I am doing exercise 3.23 in Atiyah Macdonald and in the first part of the problem they ask to show that the ring $A_f = S^{-1}A$ where $S = \{1,f,f^2 \ldots \}$ depends only on the choice of the basic open set $X_f$ and not on $f$. For reference,
$X_f \stackrel{\text{def}}{\equiv} \{P \in \operatorname{Spec}(A) : f \notin P\}.$
I interpret this as saying that if there is another $g \in A$ such that $X_g = X_f$, then $A_f \cong A_g$. Since $X_f = X_g$ we deduce that $\operatorname{rad}\Big((f)\Big) = \operatorname{rad}\Big((g) \Big).$ From these equalities of radicals, this means that there are equations
\begin{eqnarray*} f^n &=& ag \hspace{5mm} \\ g^m &=& bf \end{eqnarray*}
for some $n,m \in \Bbb{N}$ such that $n,m >0$ and $a,b \in A$. Now we may suppose that $f$ and $g$ are not nilpotent for then $A_f \cong A_g \cong 0$. To show that $A_f \cong A_g$ I am trying to use Corollary 3.3 of Atiyah - Macdonald:
${\color{blue}{\text{Corollary 3.3: If $\tilde{g}: A \rightarrow B$ is a ring homomorphism such that}}}$
${\color{blue}{\text{(i) $s \in S \implies \tilde{g}(s)$ is a unit }}}$
${\color{blue}{\text{(ii) $\tilde{g}(a) = 0\implies as = 0$ for some $s \in S$}}}$
${\color{blue}{\text{(iii) Every element in $B$ is of the form $\tilde{g}(a)\tilde{g}(s)^{-1}$ for some $a\in A$ and $s \in S$ }}}$
${\color{blue}{\text{then there is a unique isomorphism $h:S^{-1}A \rightarrow B$ such that $\tilde{g}$ factorises }}}$ ${\color{blue}{\text{through the localisation $S^{-1}A$.}}}$
In our case we can set $B = P^{-1}A$ where $P = \{1,g,g^2, \ldots\}$.

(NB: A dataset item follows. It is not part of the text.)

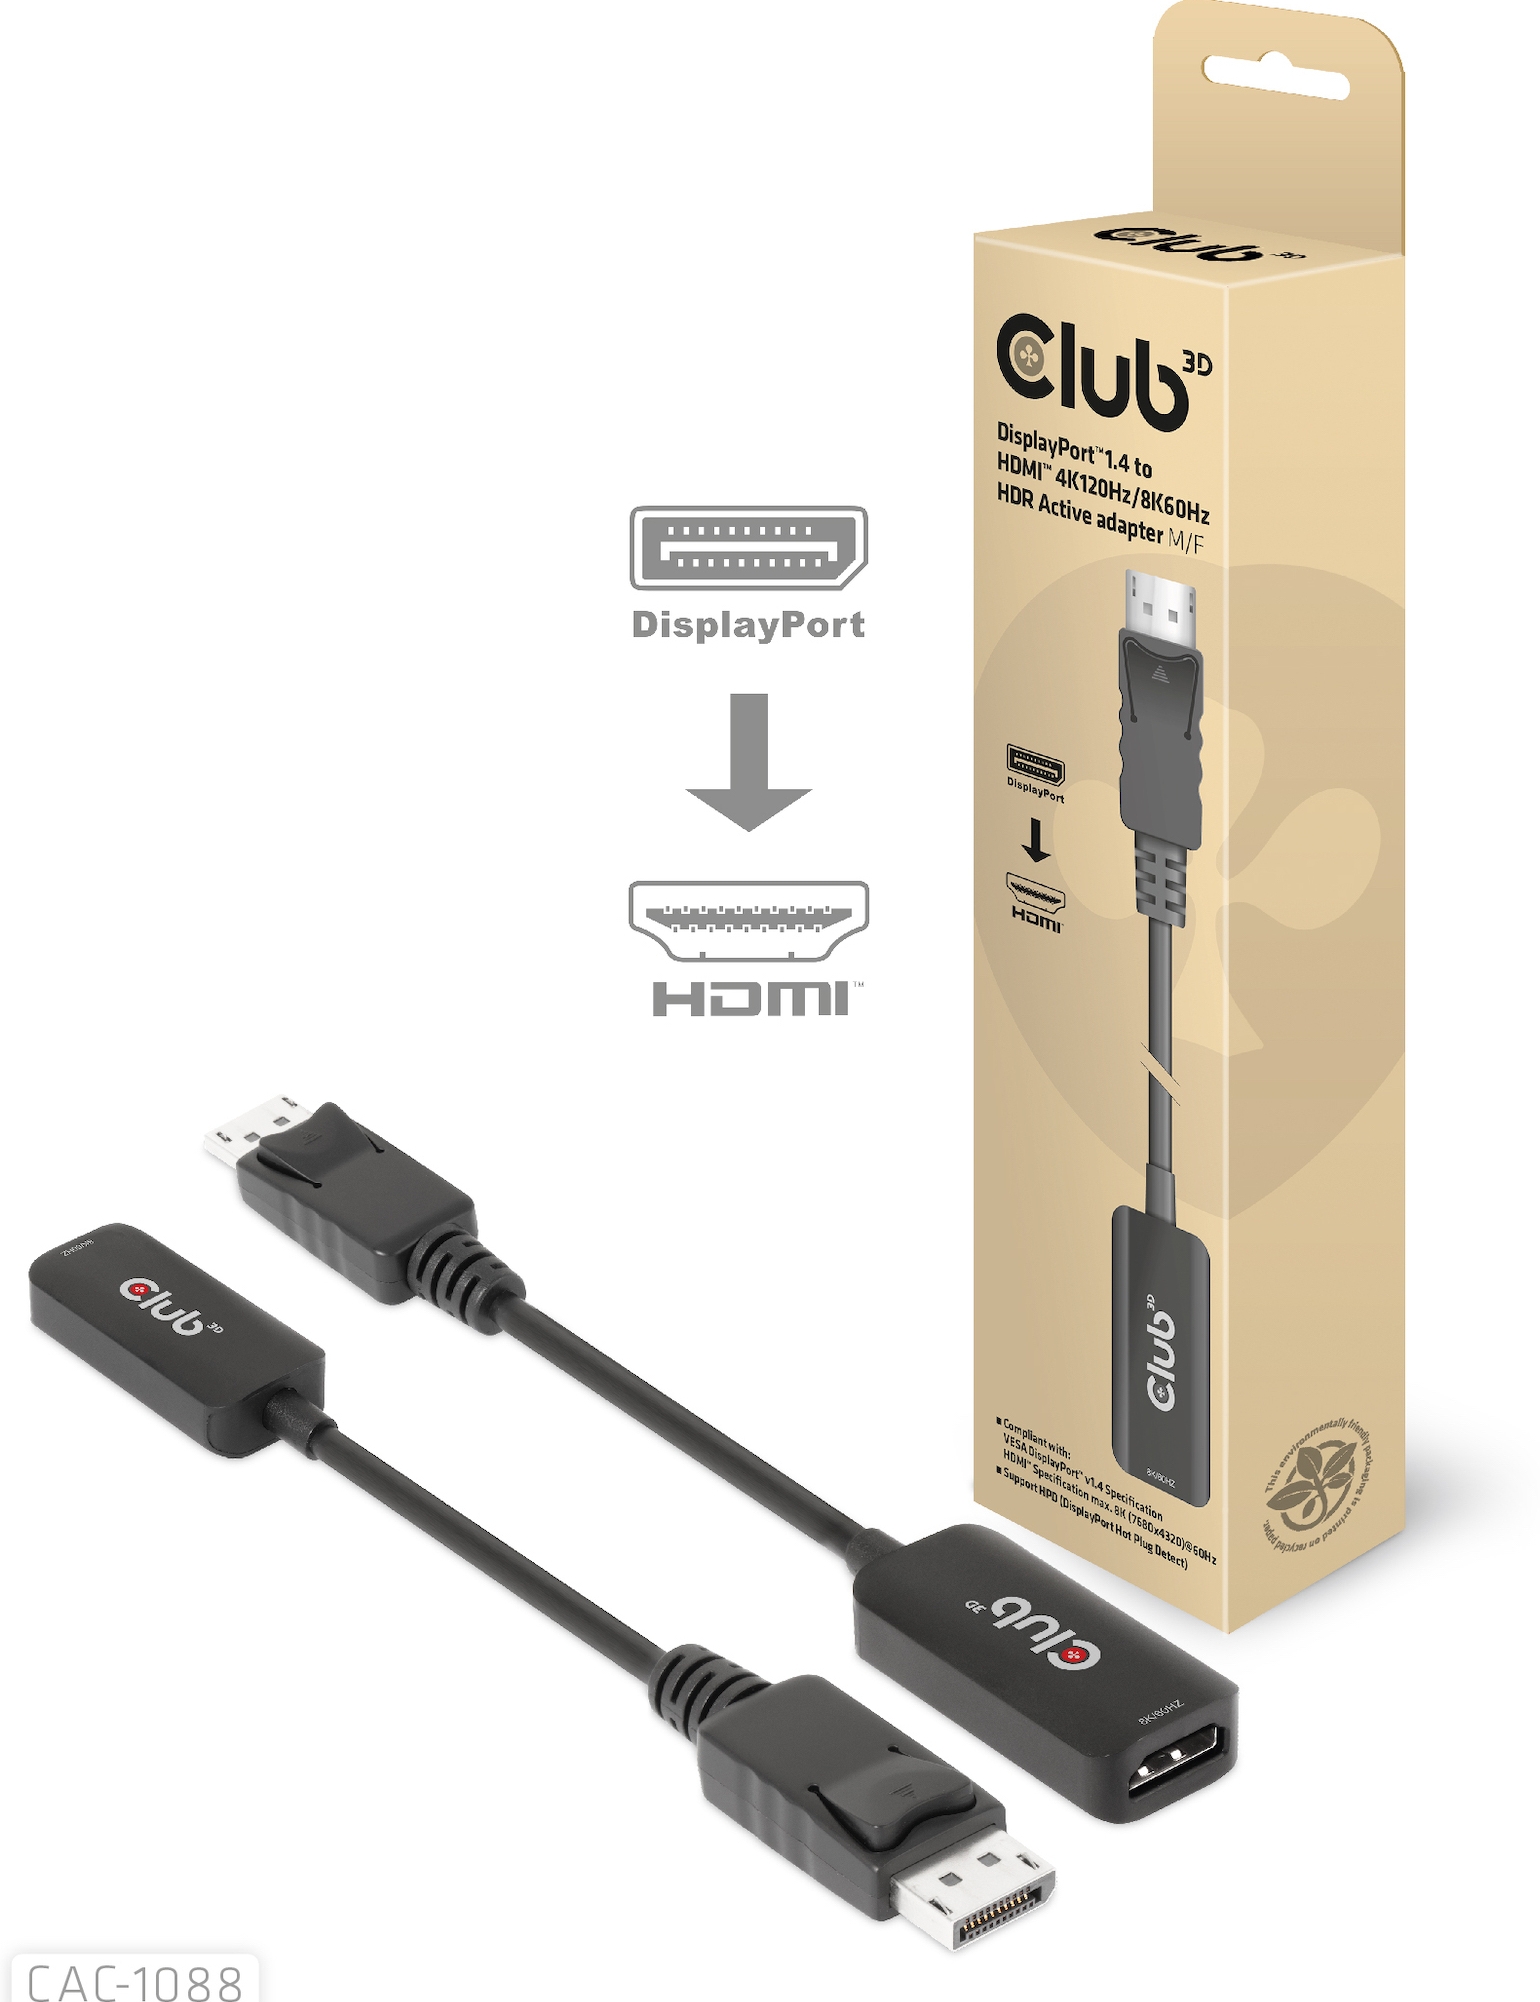 Club 3D - Videoadapter

$\textbf{Difficulty:}$ I have been spending some time now trying to define such a map $\tilde{g} : A \longrightarrow P^{-1}A$. Now it seems to me from those two equations above that there are only choices (up-to multiplication by some constant) orf such a map $\tilde{g}$. The problem is every time I define my $\tilde{g}$, property ${\color{blue}{(iii)}}$ is not satisfied. For example, I have tried to define for $x \in A$
$ \tilde{g}(x) = \frac{bx}{a} \hspace{4mm} \text{or} \hspace{4mm} \tilde{g}(x) = \frac{x^n}{ab} \hspace{4mm} \text{or} \hspace{4mm} \tilde{g}(x) = \frac{bx}{ag^{m-1}}.$
Suppose I try to write some $x/g^k$ in $P^{-1}A$ as $g(x')g(s)^{-1}$ for some $a' \in A$ and $s \in S$. Then one candidate we have is $x' =x$ and $s = f$. But then we only get
$g(x)g(f)^{-1} = \frac{bx}{g^m}.$
If I try say $g(xf)g(f)^{-1}$ to remove the $g^m$ in the denominator the problem is that I just end up with $x$. The problems are similar for the second and third $\tilde{g}$ I defined above. How can I get around this? Please do not give it all away as I would like to enjoy some of the fun!
Thanks.